Rarely a healthy sign in any democracy, the enemies lists started to freak out some normally unflappable Trump officials in the White House.

“At first I brushed it off as ridiculous, but what is scary is that she’s serious,” said a White House official of AOC’s tweet. “That is terrifying that a sitting member of Congress is calling for something like that. I believe there is a life after this in politics for Trump officials, but the idea that a sitting member of Congress wants to purge from society and ostracize us should scare the American people. It definitely should scare the American people more than it scares me. That type of rhetoric is terrifying when you have 70 million Americans who voted for this president. It might start with Trump officials but what if they go further?”

Before the election, when polls suggested an anti-Trump rout, some current and former Trump officials seemed to be positioning themselves for a new era when they would be forced to shed their association with the president. One top official at the White House became a bit of an inside joke among Washington reporters for sending conspicuous private texts taking digs at the administration and claiming to crave post-election life without Trump.

And some Republicans found it curious when a recent RNC official suddenly tweeted his support of Biden the day before the election. Was he having trouble finding a new job? Did he move to Silicon Valley or Portland, Ore.?

But the results, at least for the moment, have changed that conversation, with more Republicans on the Hill and Trump officials now insisting there may be less of a penalty for service to Trump.

Many top Trump advisers now say they’re not worried, and they point to the aftermaths of similarly controversial administrations as reassurance. They argue that if the Bush-era politicians and staffers who led the country to war in Iraq survived without being purged from politics, media and corporate America, then Trump’s advisers won’t either.

“The Bush people faced this,” said one of the president’s closest advisers. “Bush left office very unpopular, people thought thousands of people died in an unnecessary war and he was responsible for it. Everybody forgets that now that he’s an artist who doesn’t do partisan politics.”

This person pointed to the wealth accumulated by the two main architects of the war since Bush left office. “Don Rumsfeld did very well for himself when he left government,” said the close Trump adviser, who already has an unannounced book deal in hand. “Dick Cheney? I’ve been to his house in Wyoming!”

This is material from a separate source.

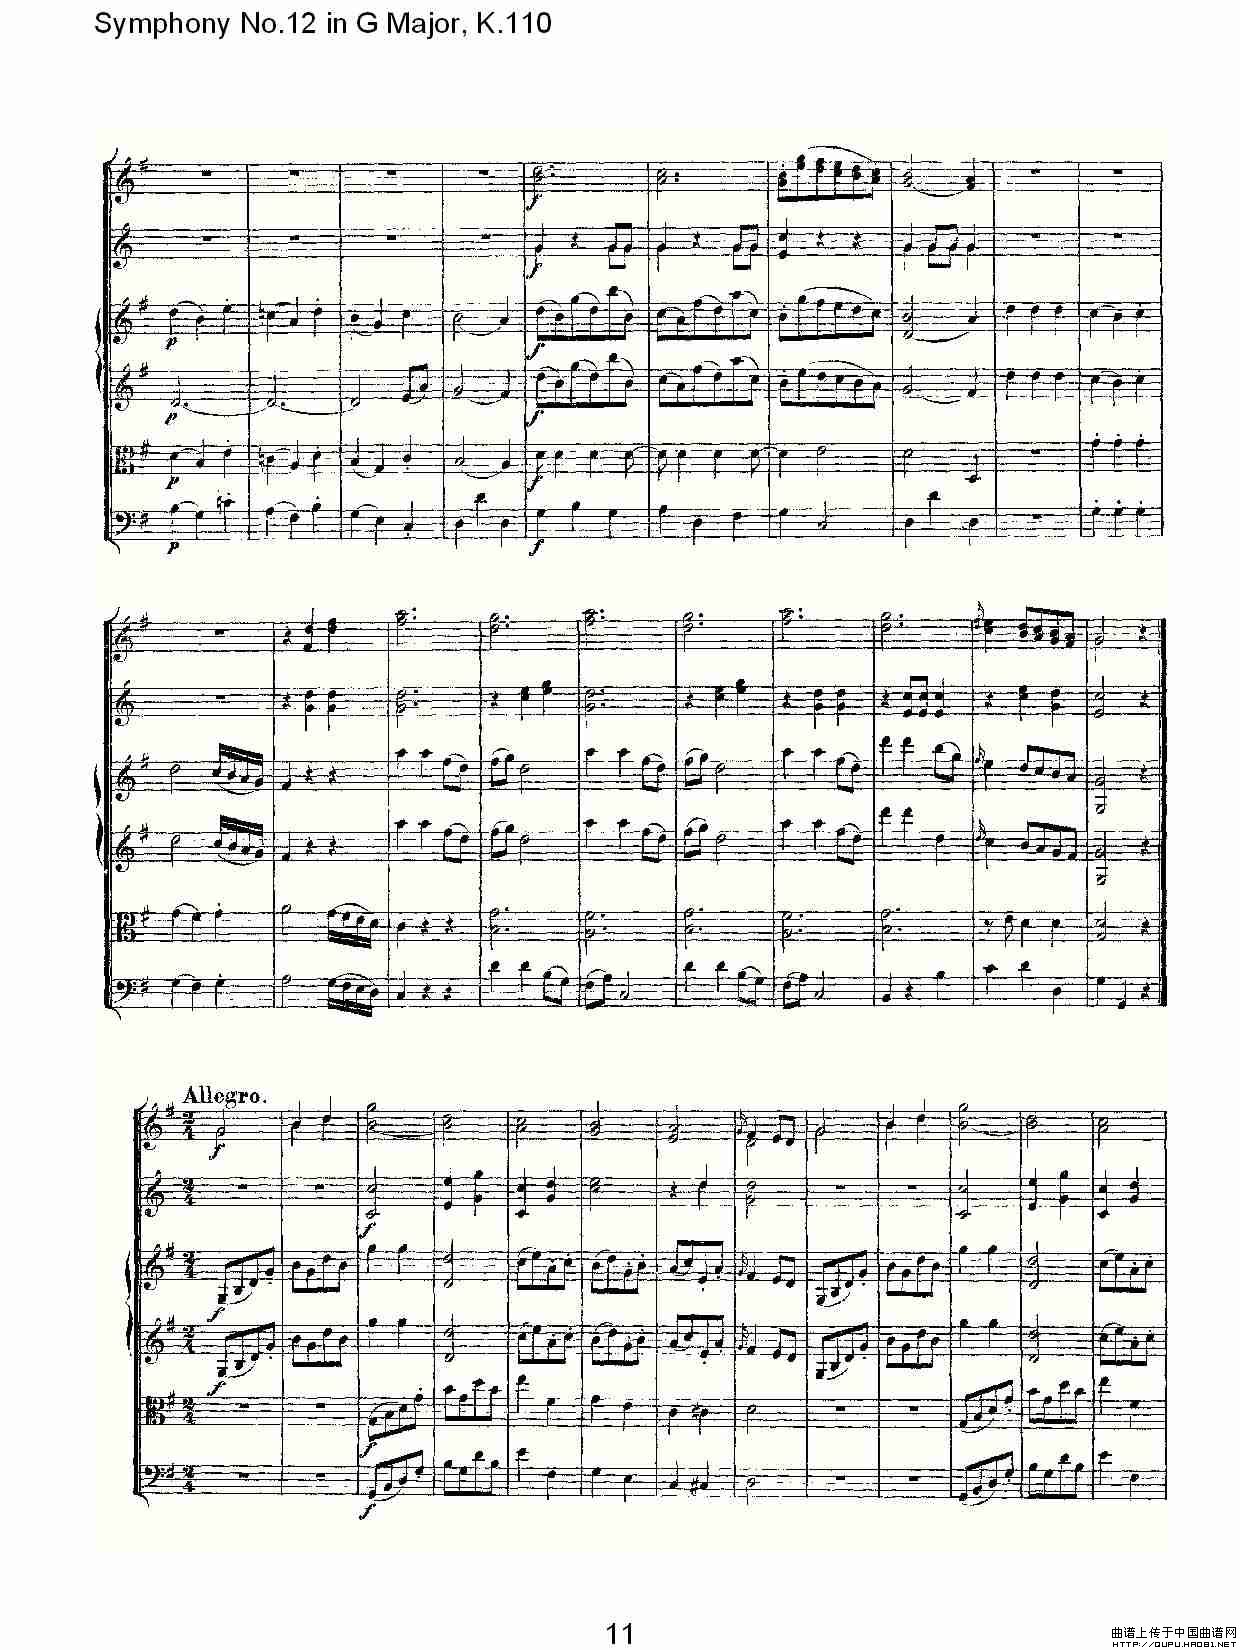 Symphony No.12 in G Major, K.110（G大调第十二交响曲K

The close Trump adviser did allow that some staffers could have trouble in pockets of corporate America or Hollywood but the adviser isn’t personally concerned about finding work. “For somebody like me, I'm writing a book, I'm going to write a sequel,” the close Trump adviser said. “I get paid handsomely to give speeches. I have my corporate consulting. Maybe that’s not everyone else. But I can’t imagine I’m alone in that way. Are people going to say, ‘Oh shit, Mike Pompeo, you’re not secretary of State anymore so we can’t talk to you!’ Even the younger staffers — people still want people who worked in the White House. You have breathed rarefied air.”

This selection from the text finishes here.